(Problem requirements)
Give the data again exactly as it appears, excluding any pictures.

(Data excerpt)
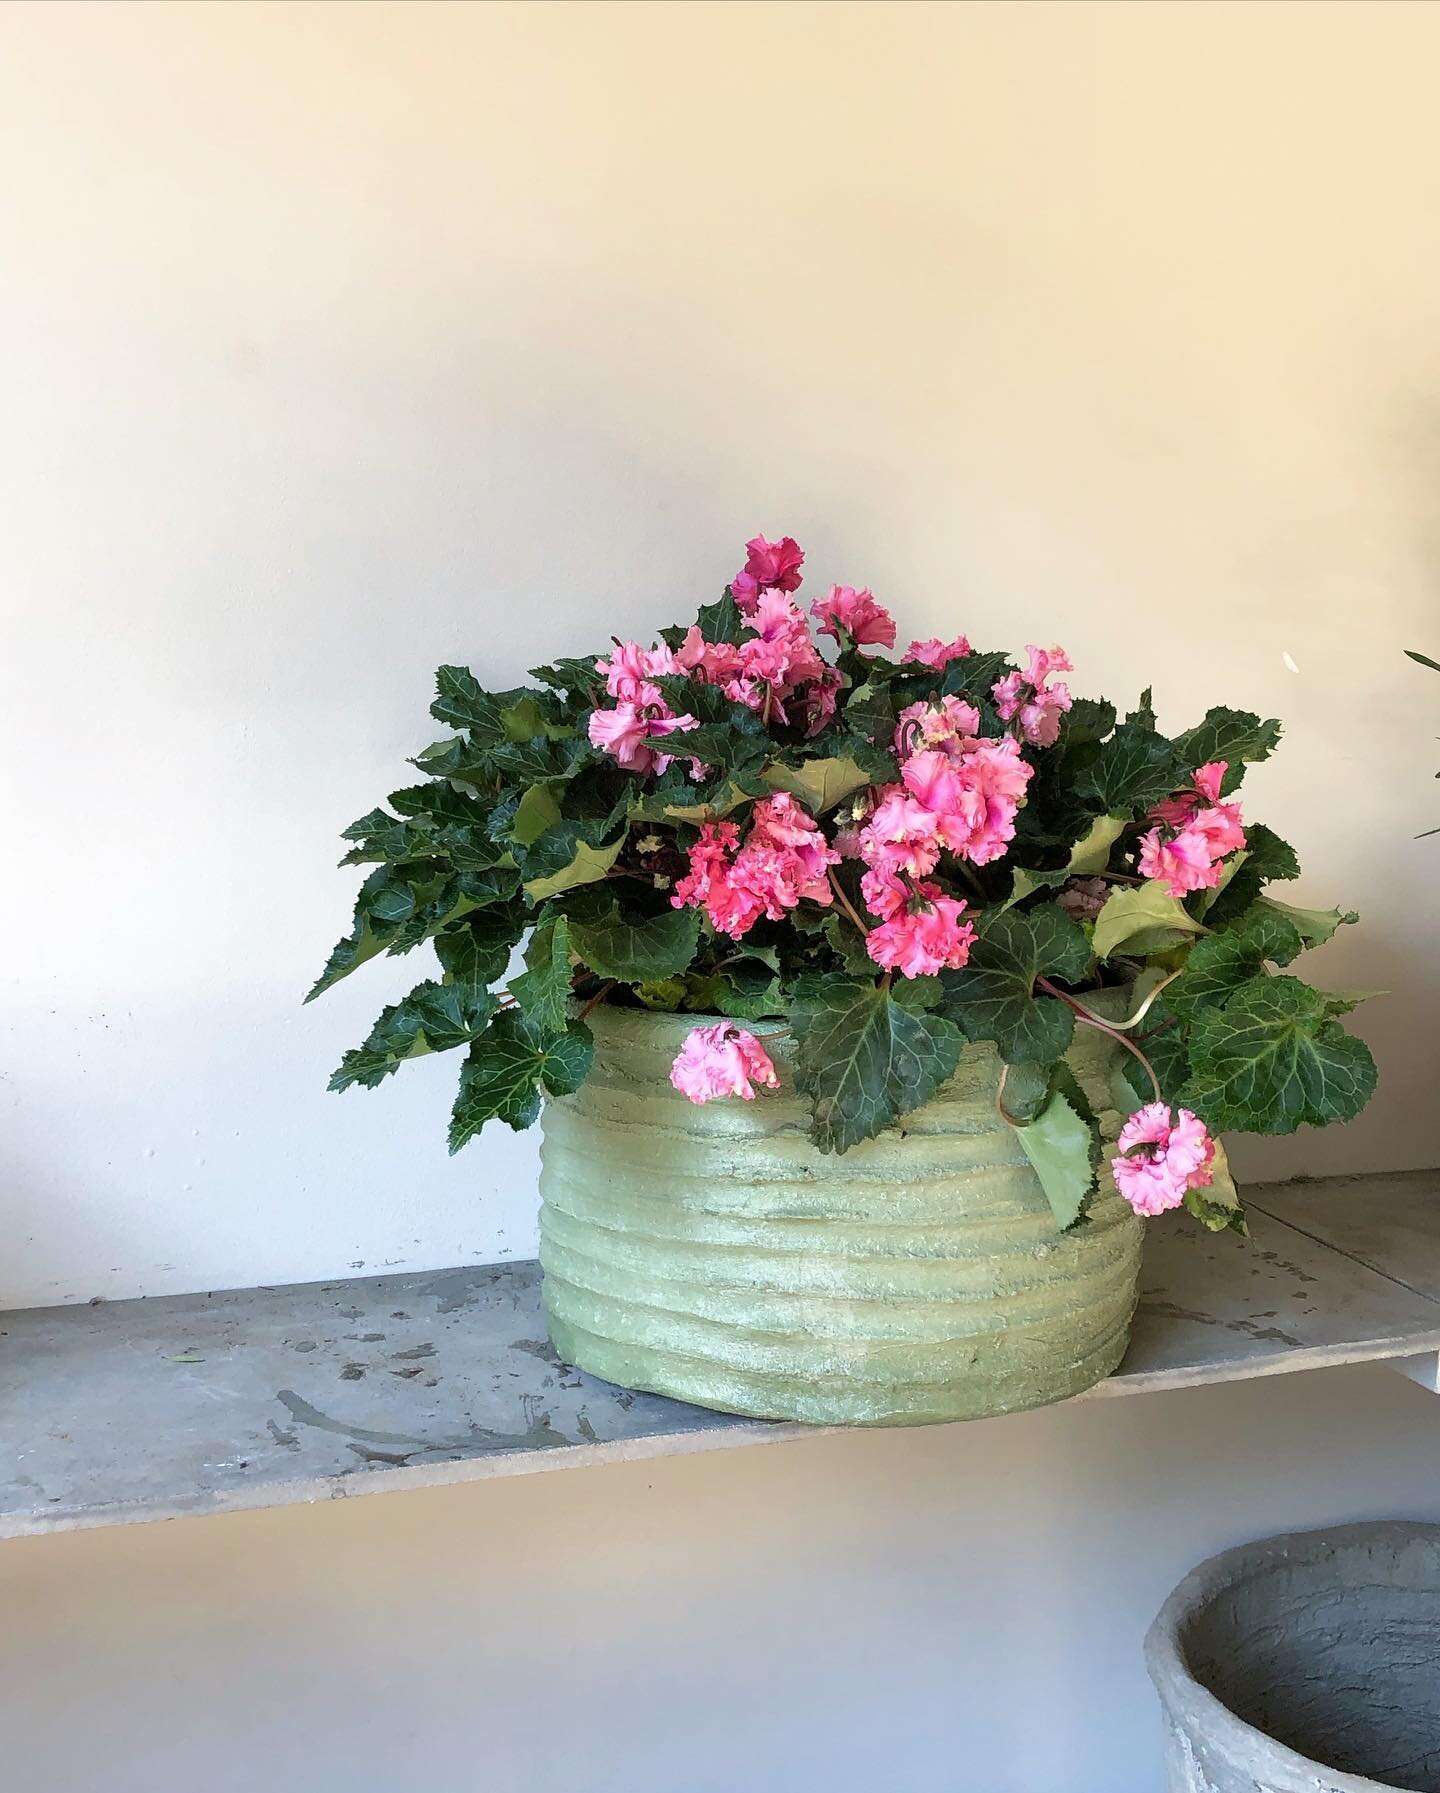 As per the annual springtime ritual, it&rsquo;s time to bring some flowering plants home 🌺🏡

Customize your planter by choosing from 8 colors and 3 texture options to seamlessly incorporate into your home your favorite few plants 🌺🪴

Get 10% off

(Solved problem)
 As per the annual springtime ritual, it&rsquo;s time to bring some flowering plants home 🌺🏡

Customize your planter by choosing from 8 colors and 3 texture options to seamlessly incorporate into your home your favorite few plants 🌺🪴

Get 10% off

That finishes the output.